The problem is... opinion polls don't take into account the expertise of the people being polled. I would argue that the opinion of ten experts is more reliable than the a good random sampling of 1,000 random people who are randomly clueless on the random topic.

You don't want the opinion of this random actor!

But, coming up with a panel of real experts on a random topic is a lot of work. Might there be another way that is almost as good?

Here's an interesting take... how about letting people tell you whether they are an expert? Oh. That's a bad idea. Ok, how about this... ask people to put their money where their mouth is?

Racetracks do this every day. And here is the interesting part: The odds on a horse are not based on the expert opinion of some expert. The odds at the racetrack are based entirely on crowdsourcing. When a lot of money has been bet on a given horse, the odds change. Curiously, the odds change in such a way as to make sure that the track makes money. What are the odds of the track making money!?!

You don't like racetracks and all the shady undesirables lurking around? I have an example of crowdsourcing where people declare their expertise with their checkbook. The stock market. If a lot of people bet on a given stock, the price goes up. If no one likes the company, the stock goes down. Each individual decides how much they are willing to pay to buy a stock, or how much they are willing to sell a stock for. Just like the racetrack, only with a different sort of shady undesirables hanging around.

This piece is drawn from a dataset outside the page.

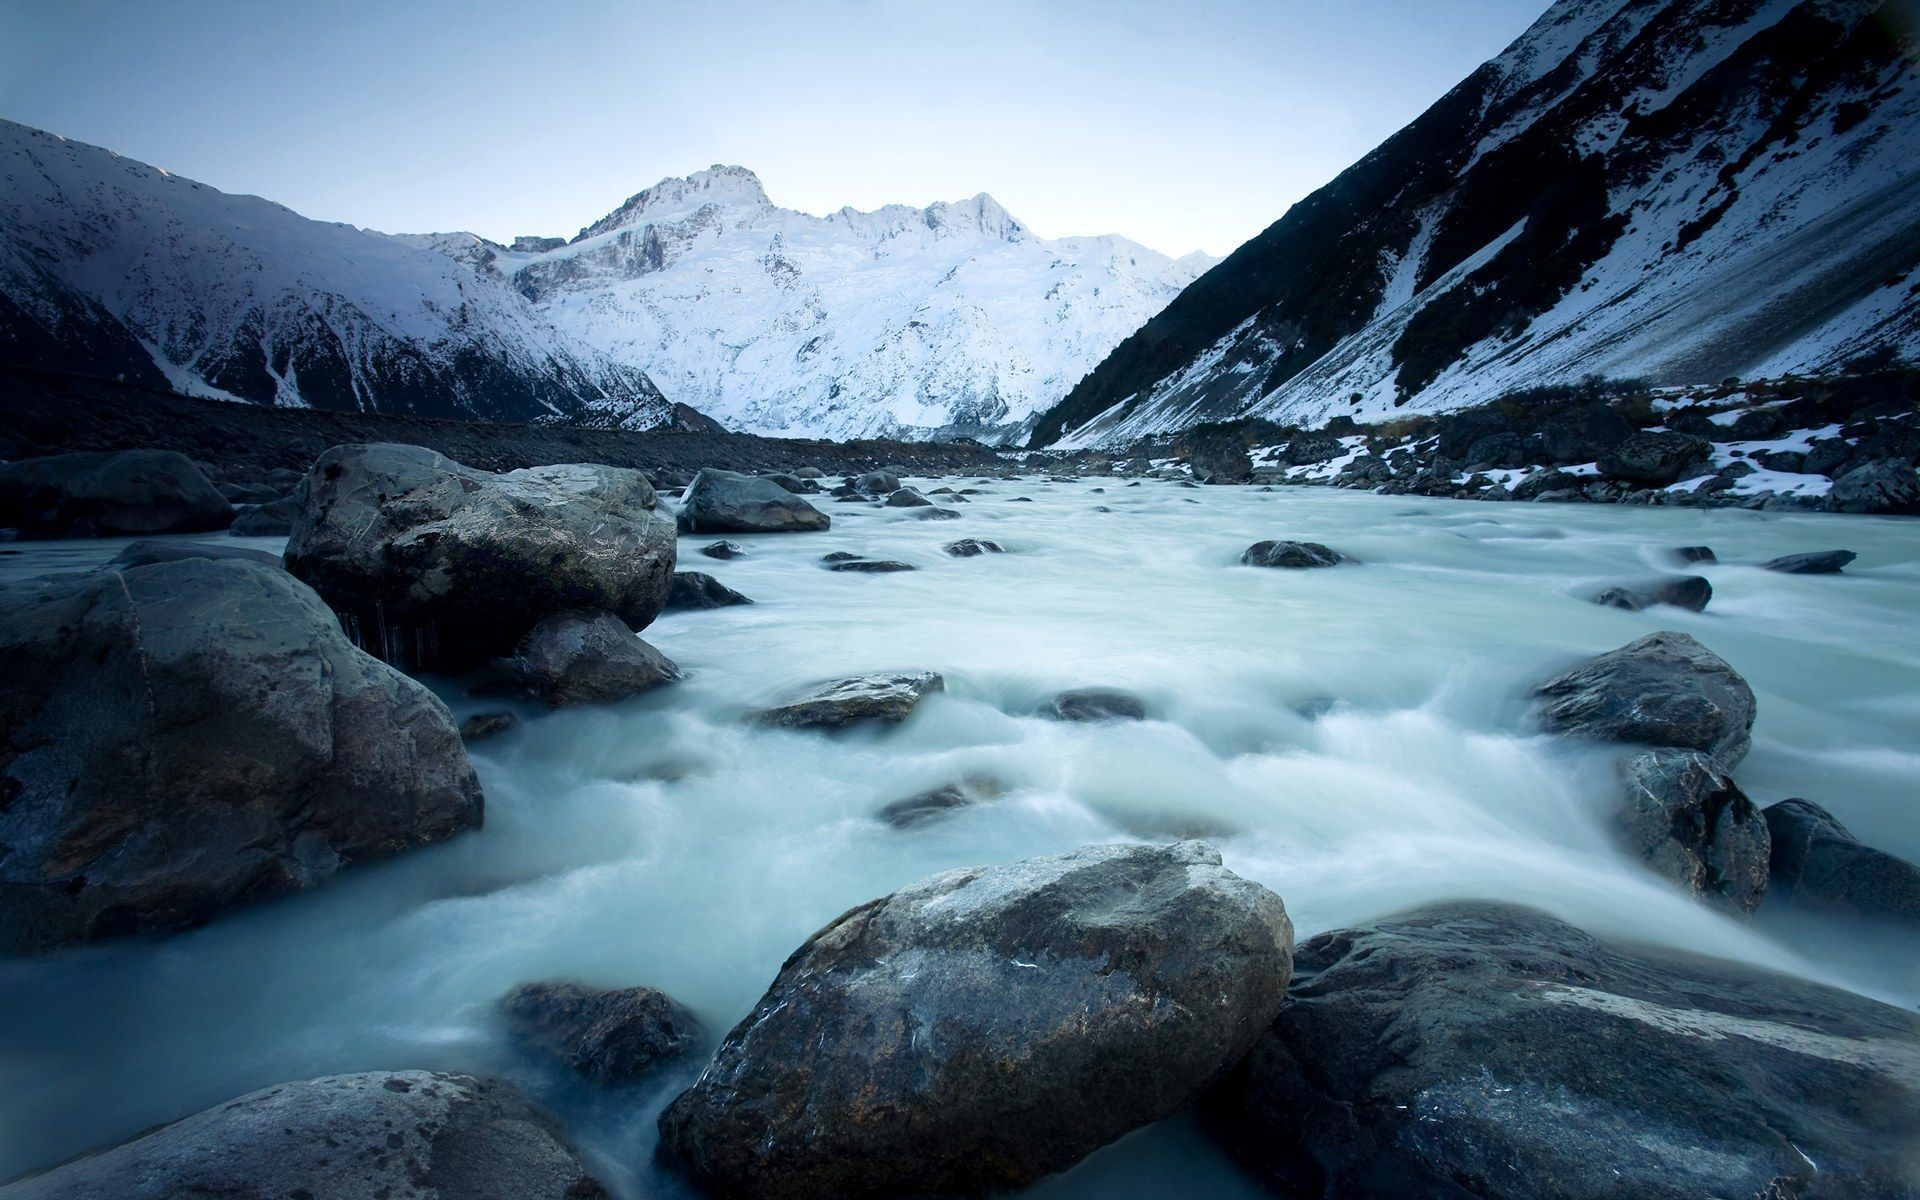 ледник природа облака горы снег лед загрузить

Now I have set the stage for a clever idea: Let's say that your company is considering whether a given idea for a new product will pay off. You could give one person that job and hope he/she gets it right. You could get a committee on it, and watch the committee form sub-committees, do focus groups, pay for market research, etc. And two years later, one person will finally have to fire the committee and make the decision. Committees are always the best way to get decisions made fast.

Or (get ready for the cool idea!) you could set up a virtual stock market for your employees to invest fake money in a bunch of potential product ideas. By introducing money - even though it's fake - you get people to invest where they feel they have some expertise. And those who actually have that expertise will tend to invest "correctly" and then have more money with which to sway future ideas.

Of course, the details get a bit involved. There is some fancy math under the hood that is needed to simulate how the price of a stock goes up when you put money into it and goes down when you sell or short a stock. This math is called a "Market Maker". It has nothing to do with Maker's Mark, unfortunately.

The domain of mathcanics

There is a company in Milwaukee called IdeaWake that has developed some software to do all this. I'm happy to say that I helped them out, just a little bit.